Posted Saturday, September 10, 2011 at 9:27 AM
Great question. Anyone who does not get enough calcium is at risk for bone fractures. The million dollar question is, "What is enough?" The recommendation is set high to cover the needs of almost all Americans no matter what the situation. As stated in the American Dietetic Association's position paper on vegan and vegetarian diets, "...the fracture rates of the vegans who consumed over 525 mg calcium/day were not different from the fracture rates in omnivores." It goes on to say, "Other factors associated with a vegetarian [vegan] diet, such as fruit and vegetable consumption, soy intake, and intake of vitamin K-rich leafy greens must be considered when examining bone health." Also important is vitamin D (sunshine) and exercise for bone health.
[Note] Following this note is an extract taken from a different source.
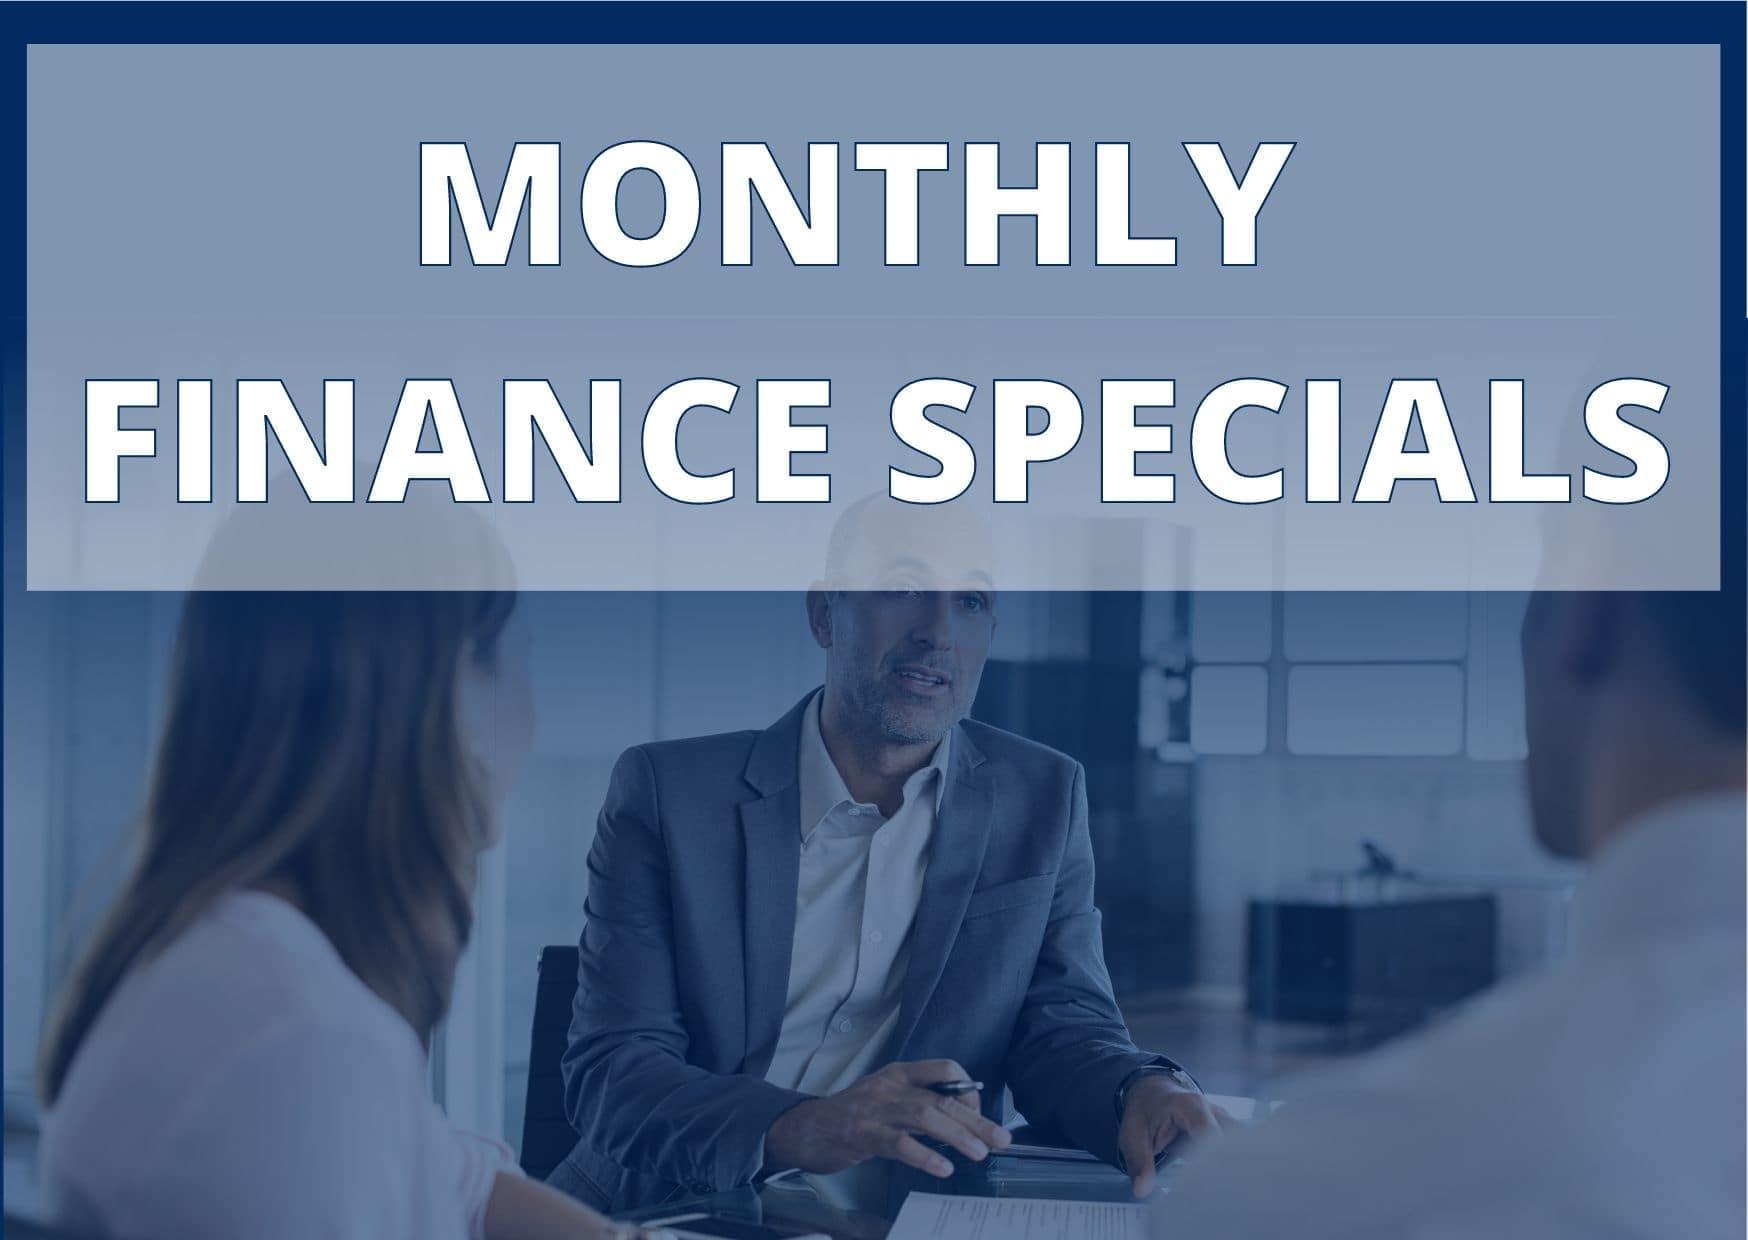 financespecials

Using fortified foods like nondairy milks is an easy way to get more calcium in the diet. While it is not the most absorbable form of calcium (like cow's milk, about 1/3 of the calcium is absorbed), it has a lot of calcium per serving.
Here is a list of servings of good calcium sources that I got from a new book called Vegan for Life written by two well-respected registered dietitians:
1/2 cup fortified plant milk (250-300 mg - check label)
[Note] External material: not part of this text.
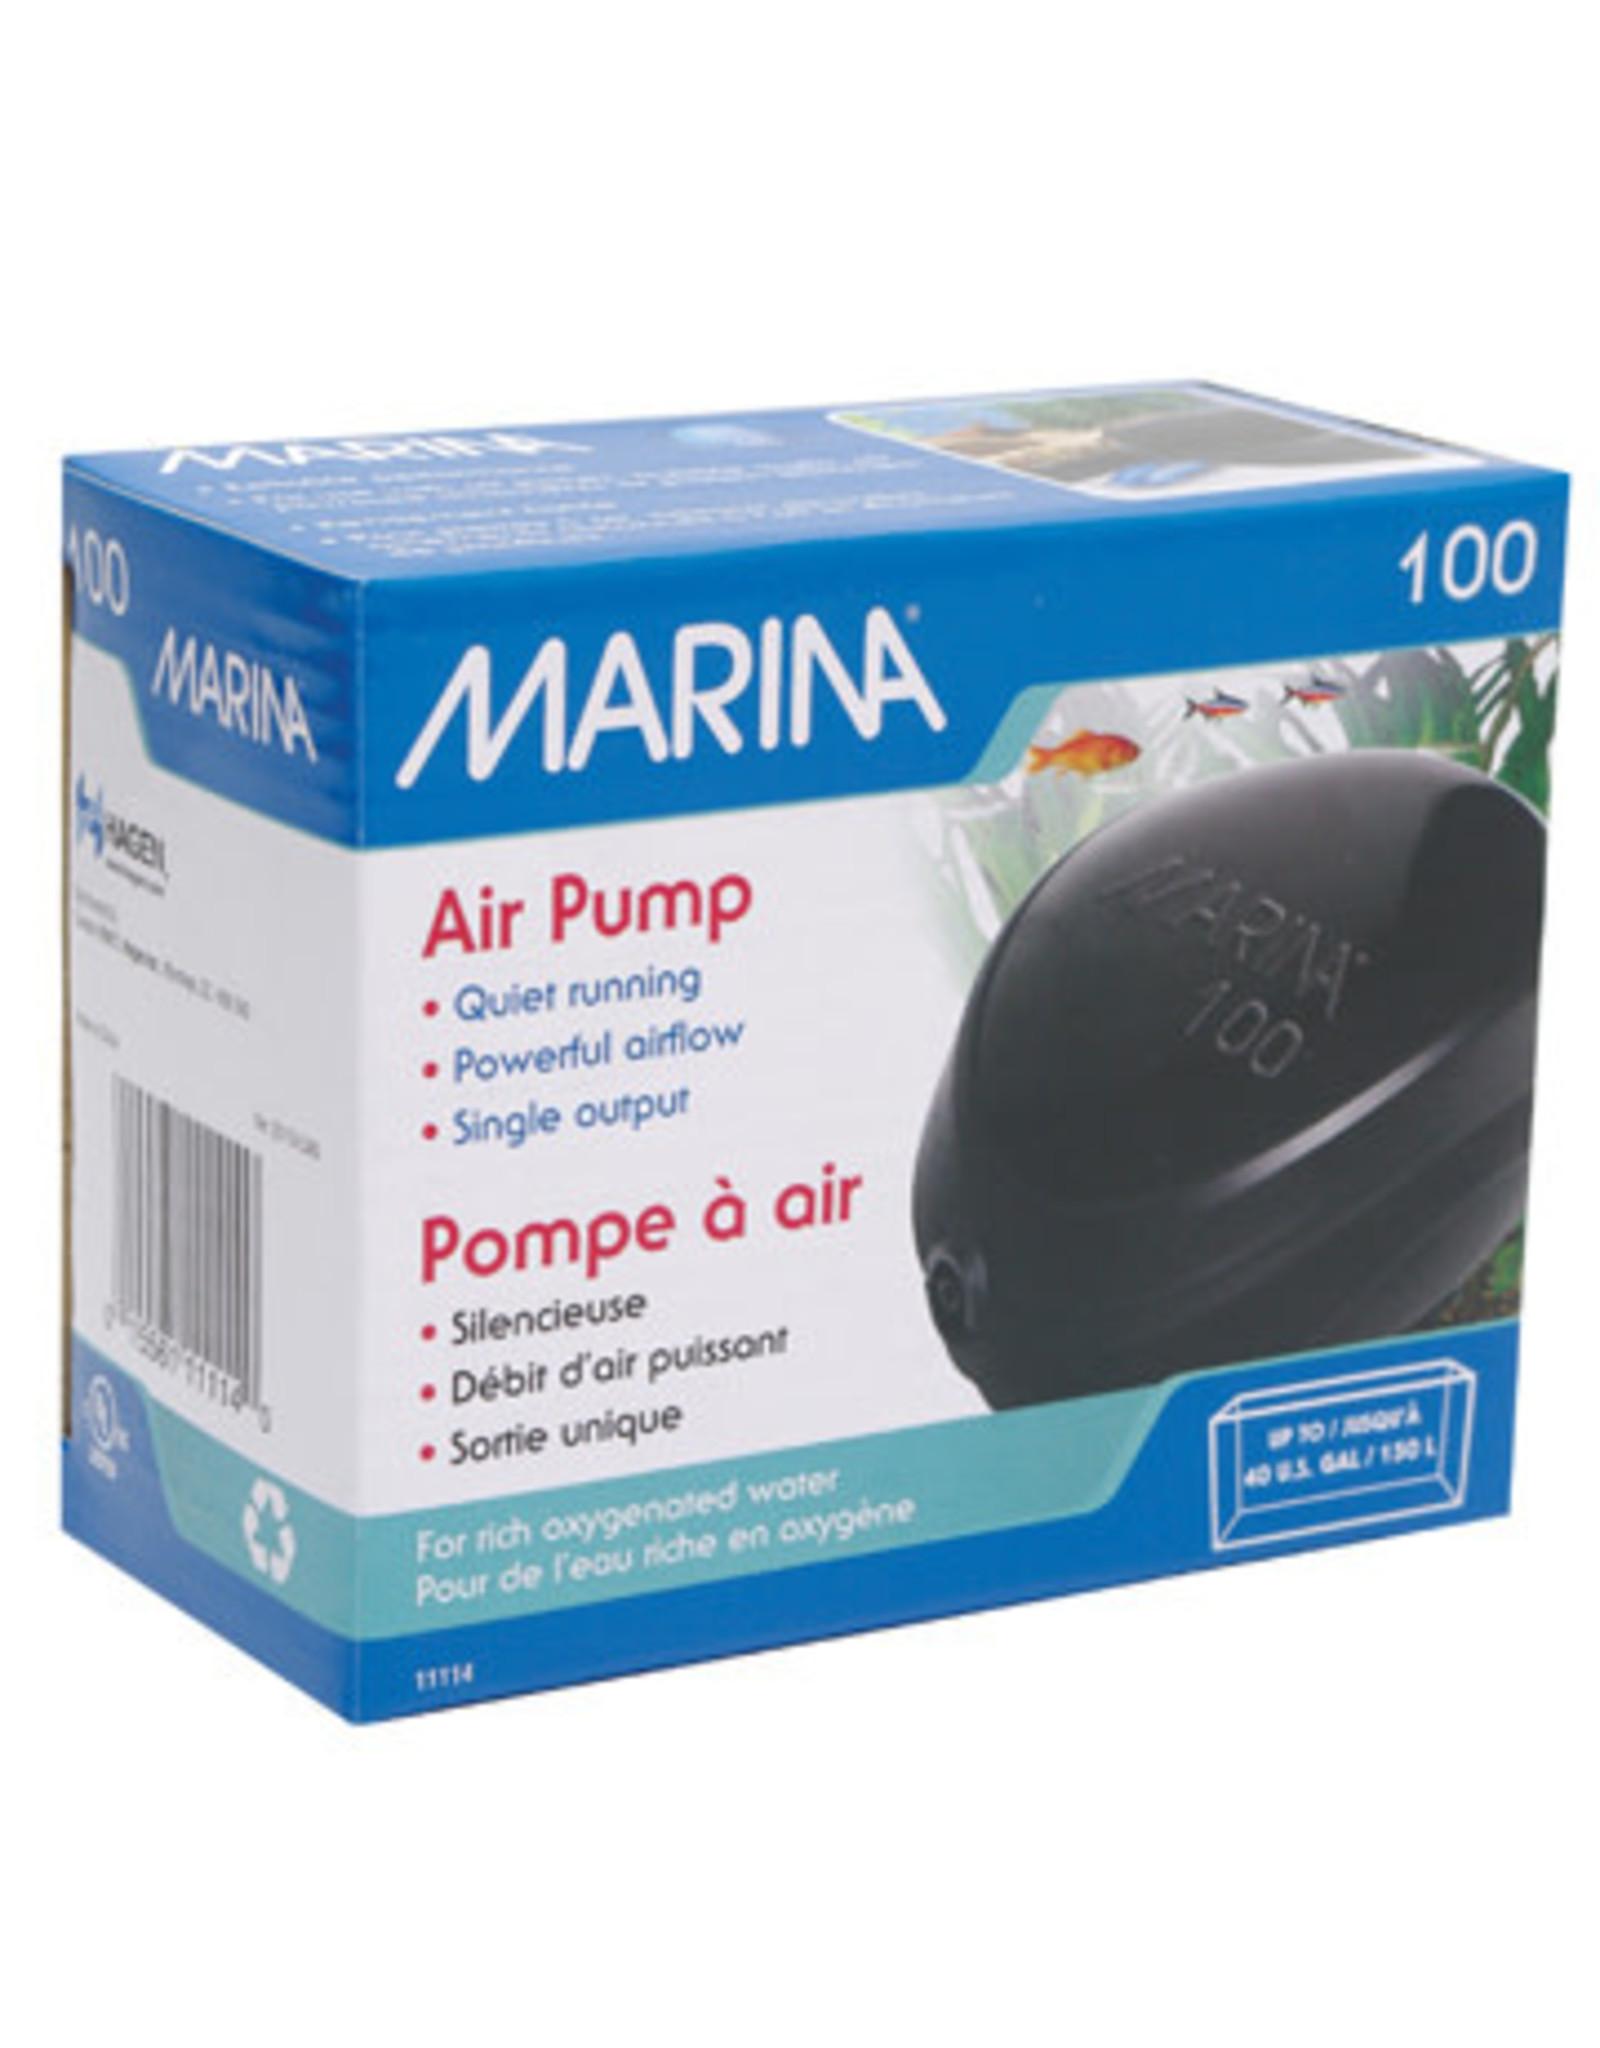 Marina Marina 100 Air pump - 40 US gal (150 L)

1/2 cup cooked collards (133 mg)
1/2 cup calciium-set tofu (150-300 mg - check label)
1/2 cup dried figs (120 mg)
1 Tbs blackstrap molasses (80 mg)
If I had only the above servings in a day, I would be getting about 900 mg of calcium - probably more than a healthy person needs. And these are by no means the only sources, but I just wanted to give you an idea. If I made a dish with navy beans, sweet potatoes, and quinoa and only had one serving, that would be another 120 mg of calcium. If I had an orange, that would another 60 mg.
As you can see, variety in the diet is very beneficial. Not only are you getting calcium, you are getting all of those other nutrients that are certainly just as beneficial to the bones and are highly available in fruits and vegetables.
If you don't eat much, or eat a very limited diet, then one should consider a supplement for a variety of nutrients that may be missing. Again, this is good advice for anyone, not just people eating a vegan diet.